BGP filtering of prefixes to the address space registered to the peer is a basic hygiene, something that Google simply does not believe it has to do.


Based on the article, you probably should be s/Google/Verizon here. Yes, Google's export policy was misconfigured towards Verizon but Verizon blindly accepted and propagated these prefixes.


Since Google does not register or filter routes it receives it is impossible for VZ or anyone else to know what are the "correct" routes that Google advertises v. what should be filtered.

Look, we have been though this before, in 1994, 1995, 1996, 1997, etc.

Sprint (1239) used to filter based on AS_PATH. They stopped after FLIX incident.



Right now Google announces slightly more than 440 IPv4 routes over PNIs.

The list in radb is :

whois -h whois.radb.net '!oMAINT-AS15169' | grep ^route | awk '{print $2}' | grep -v "::" | wc -l

6180

I picked four prefixes. 3 were in RADB. 1 was not.


Doing a 1:1 comparison between what you're currently receiving on import and RADB isn't completely fair given most folks who preallocate address blocks will register route objects long before they are actually used.

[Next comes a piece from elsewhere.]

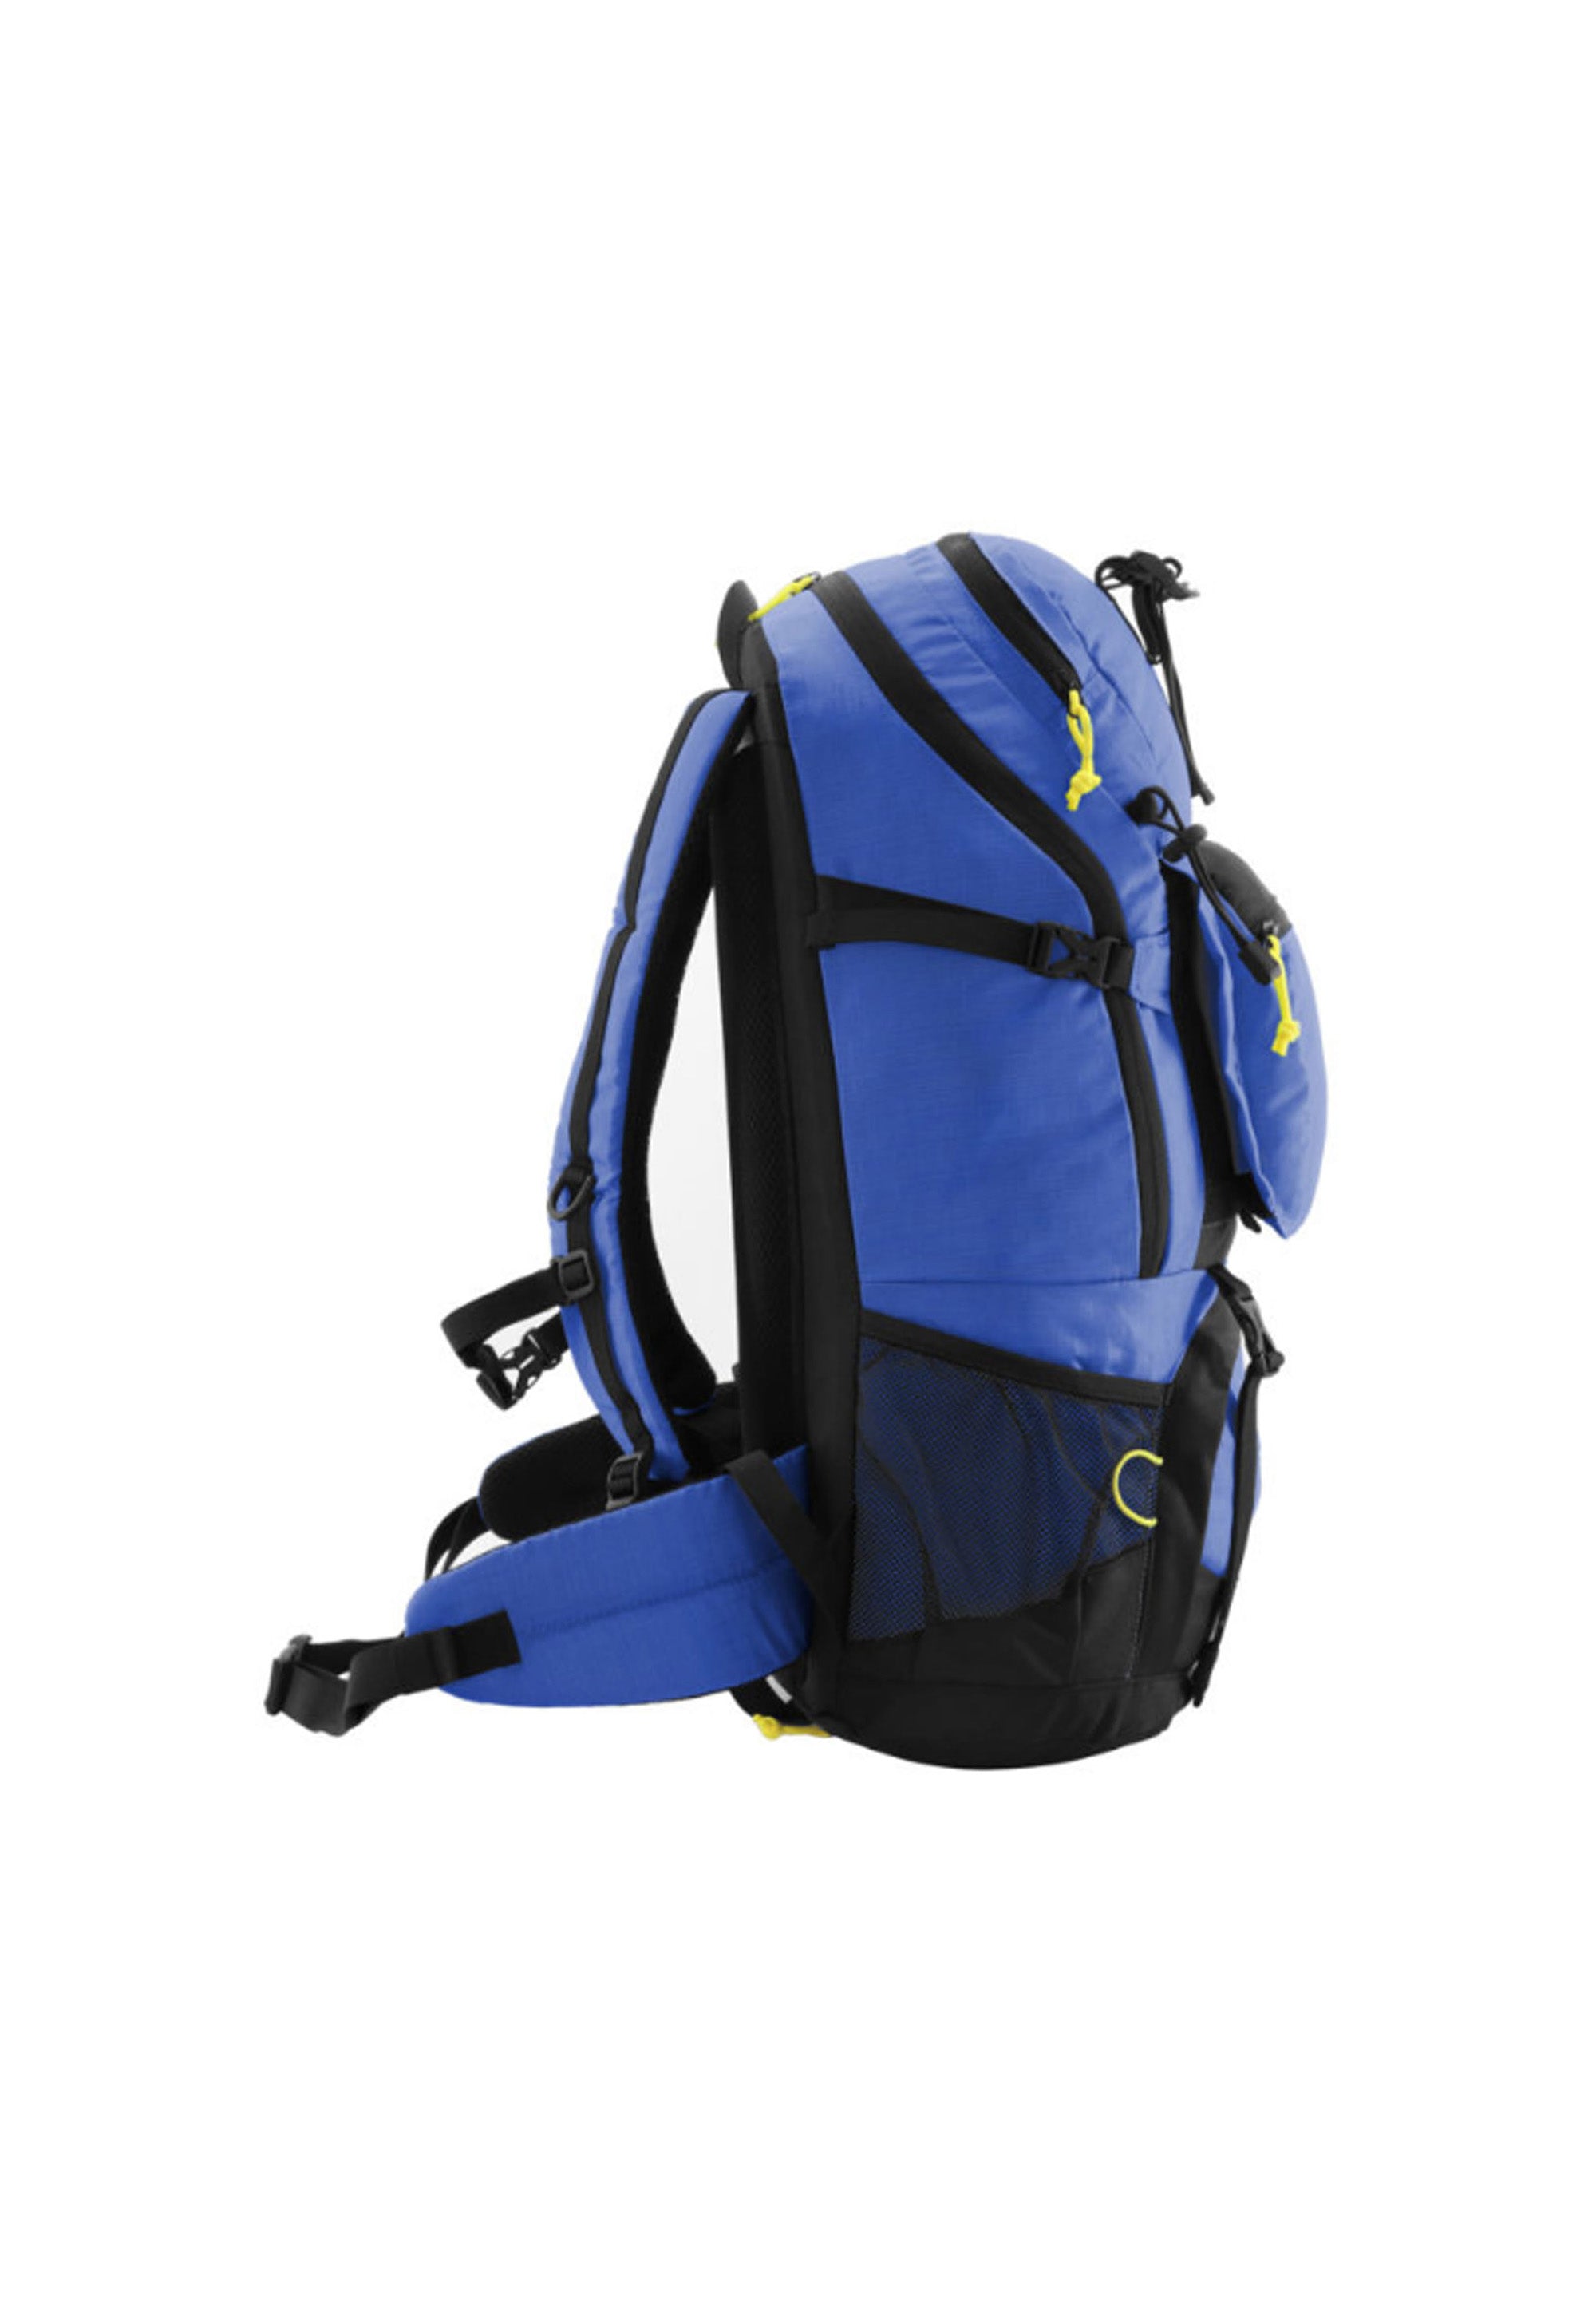 National Geographic - Destination | Outdoor Rucksack mit RFID-Blocker (60cm) | Blau

What is preventing you from crafting your import policies based on this data? Google is clearly creating route objects for most of their prefixes and rejecting a handful of prefixes vs. the risk of accepting at worst a full table seems like a reasonable tradeoff. This is something Verizon could have done, and something other folks like Level3 have done for some time.


1) It is missing routes that they are advertising.

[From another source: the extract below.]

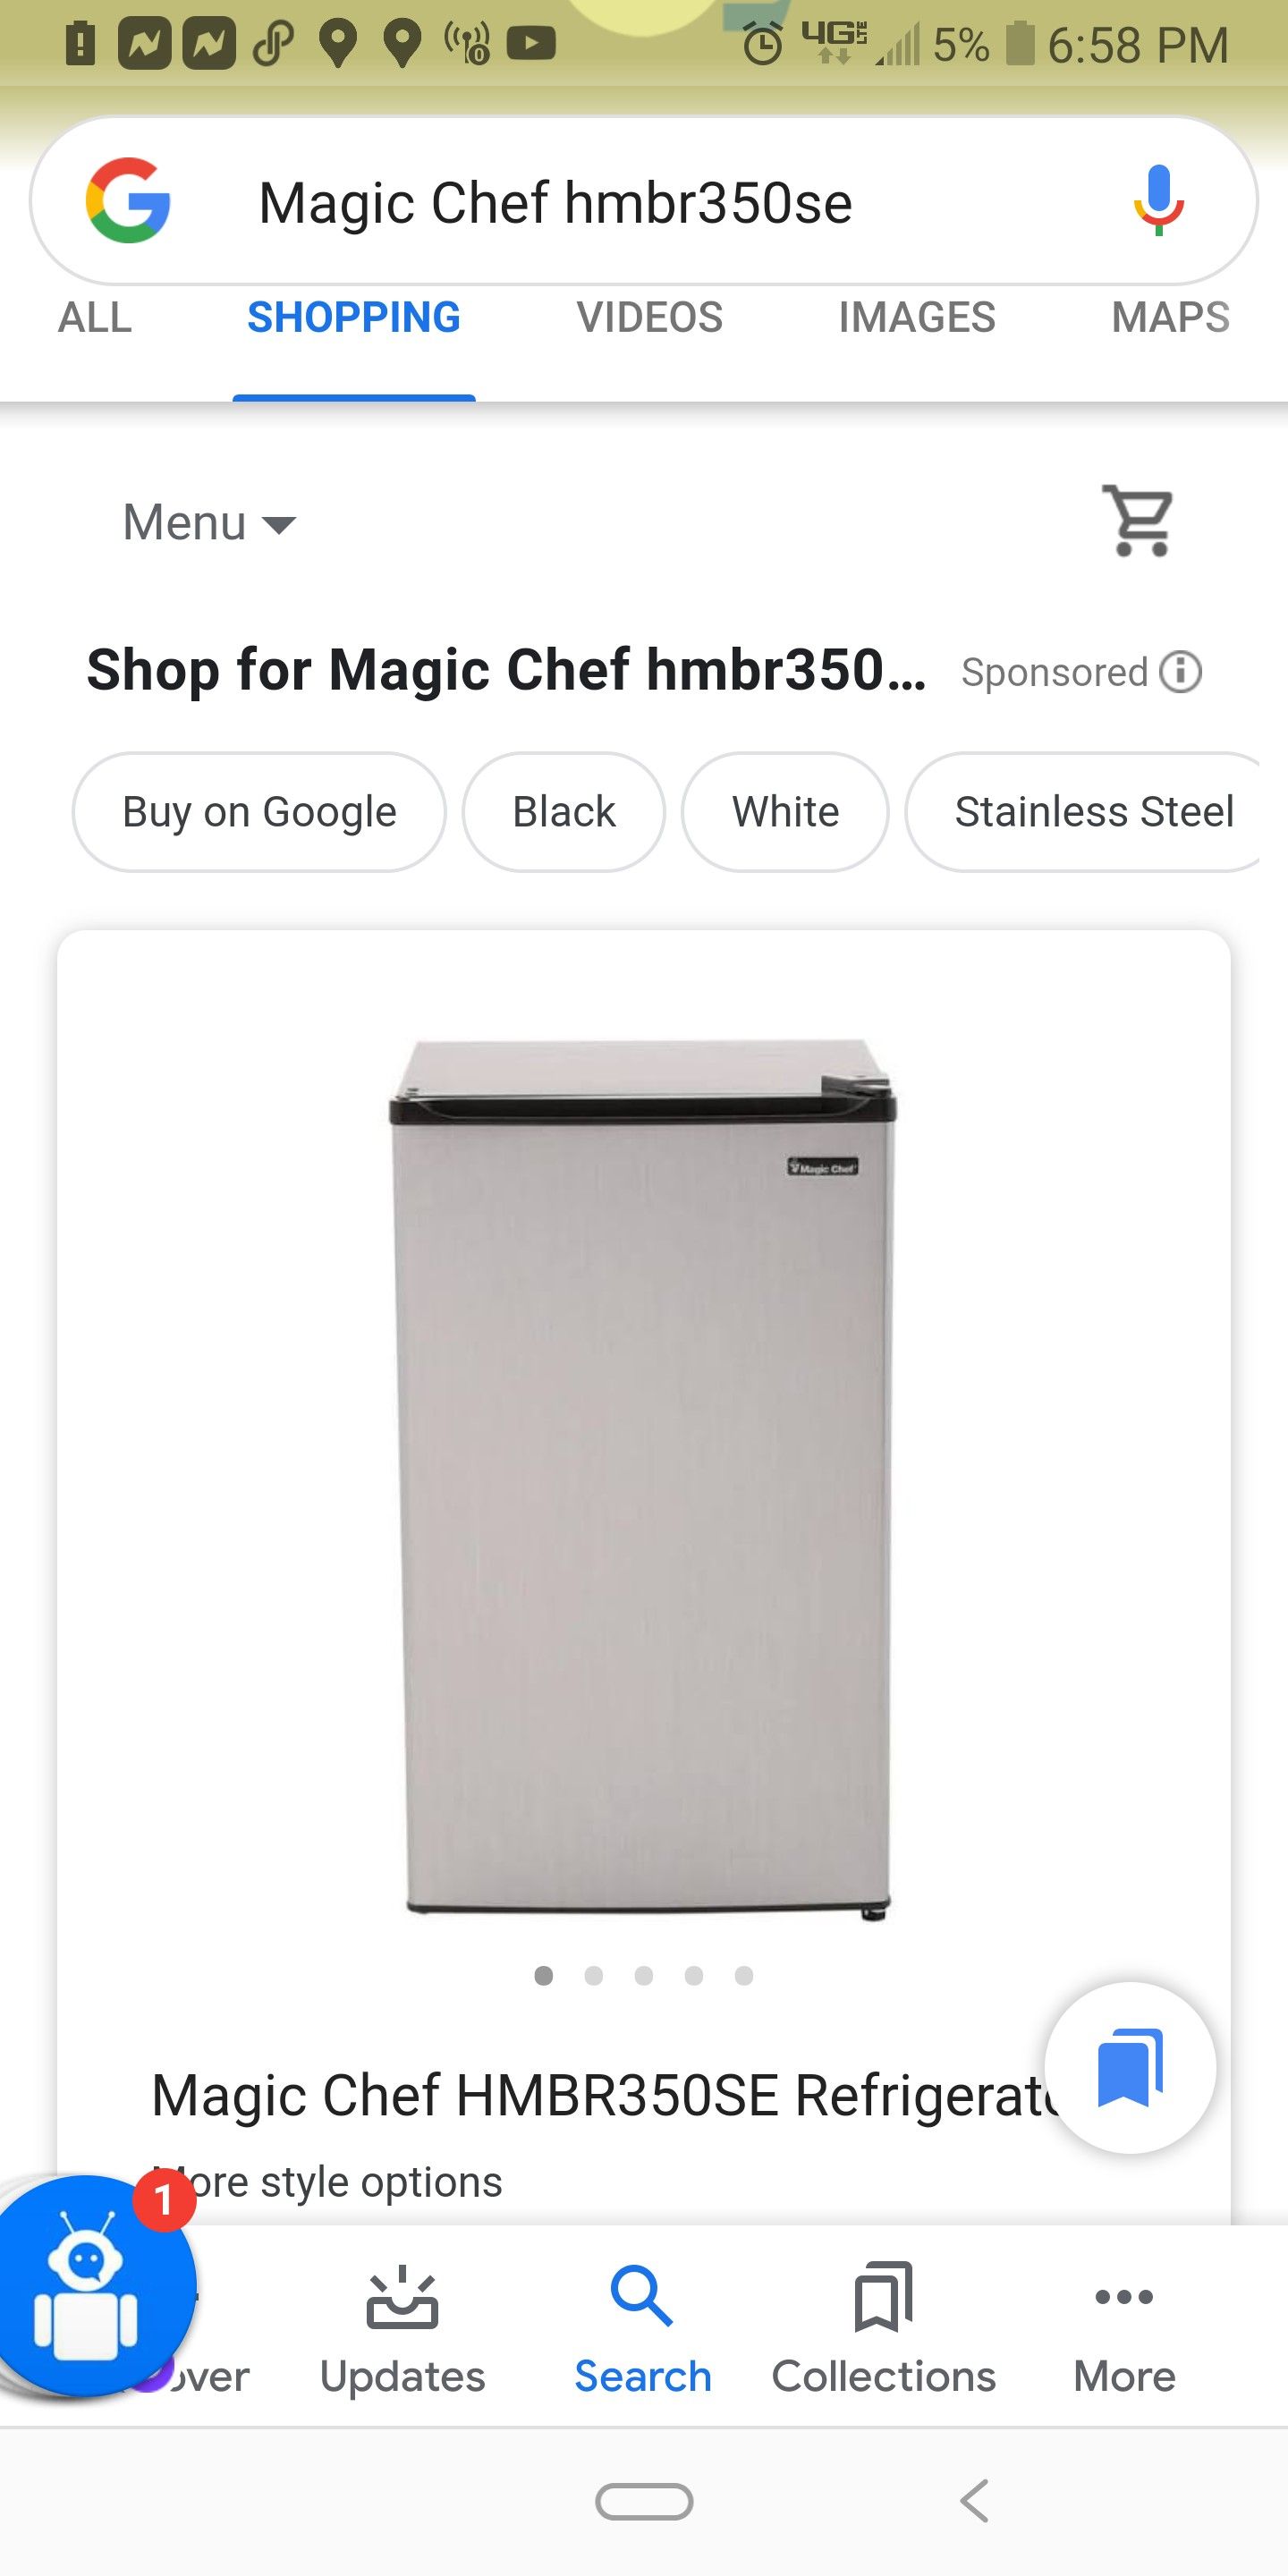 Magic Chef HMBR350SE Refrigerator (53)

2) When asked "Are you using RADB/Altdb entries to filter routes/should we use those?" being told "No".

If Google used that basic hygiene then it would not be announcing routes it does transit.


There's an important aspect of BGP you're overlooking: mutual acceptance. If one party exports a prefix, the other party can choose to either reject or accept the prefix. If the former party does not advertise the prefix or the latter party does not accept the prefix, no unidirectional forwarding path is established. Yes, Google could have derived their export policy based on their RADB entries, which would have prevented this issue. But Verizon could have also derived their import policy based on their RADB entries, which would have prevented this. While Google is at blame for fucking up their export policy, Verizon is at blame for simply accepting these prefixes.


This is 2017. We have had this debate in 1994.

We have also had this debate when smd proxy aggregated routes because certain network was announcing every /24s instead of /12s causing certain routers to run out of memory ( I'm pretty sure those were AGS+ ). It came known as "you will aggregate or I will aggregate it for you and you won't like it". While it was done just for a few hours the consequences were rather unforeseen.

Right around that time it was determined that no one outside the AS knows why the AS is choosing to announce routes in a specific way and those outside it were better not be "smart" over it. That was also around the time it was decided that one simply registered everything correctly and announced only what was registered and announced it the way it was registered.


whois -h whois.radb.net '!oMAINT-AS15169' | awk '/^route/ { if ($0 !~ /::/) {a++}} END {print a}' Fixed that for you.


>Google does not believe in BGP filtering

Doesn't the following indicate that neither does Verizon?

In this case it appears Verizon had little or no filters, and accepted most if not all BGP announcements from Google which lead to widespread service disruptions. At the minimum Verizon should probably have a maximum-prefix limit on their side and perhaps some as-path filters which would have prevented the wide spread impact.


It accepts it from Google because Google does not register its prefixes.

If I do not know what you should announce to me I have two choices: filter everything our making PNI useless or presume you are not a dolt and that you are only going to announce what you should transit which would work if you filter your peers.

Except that Google does not believe in filtering its peers either which means that effectively whoever peers with Google has to presume that whatever Google announces is fine.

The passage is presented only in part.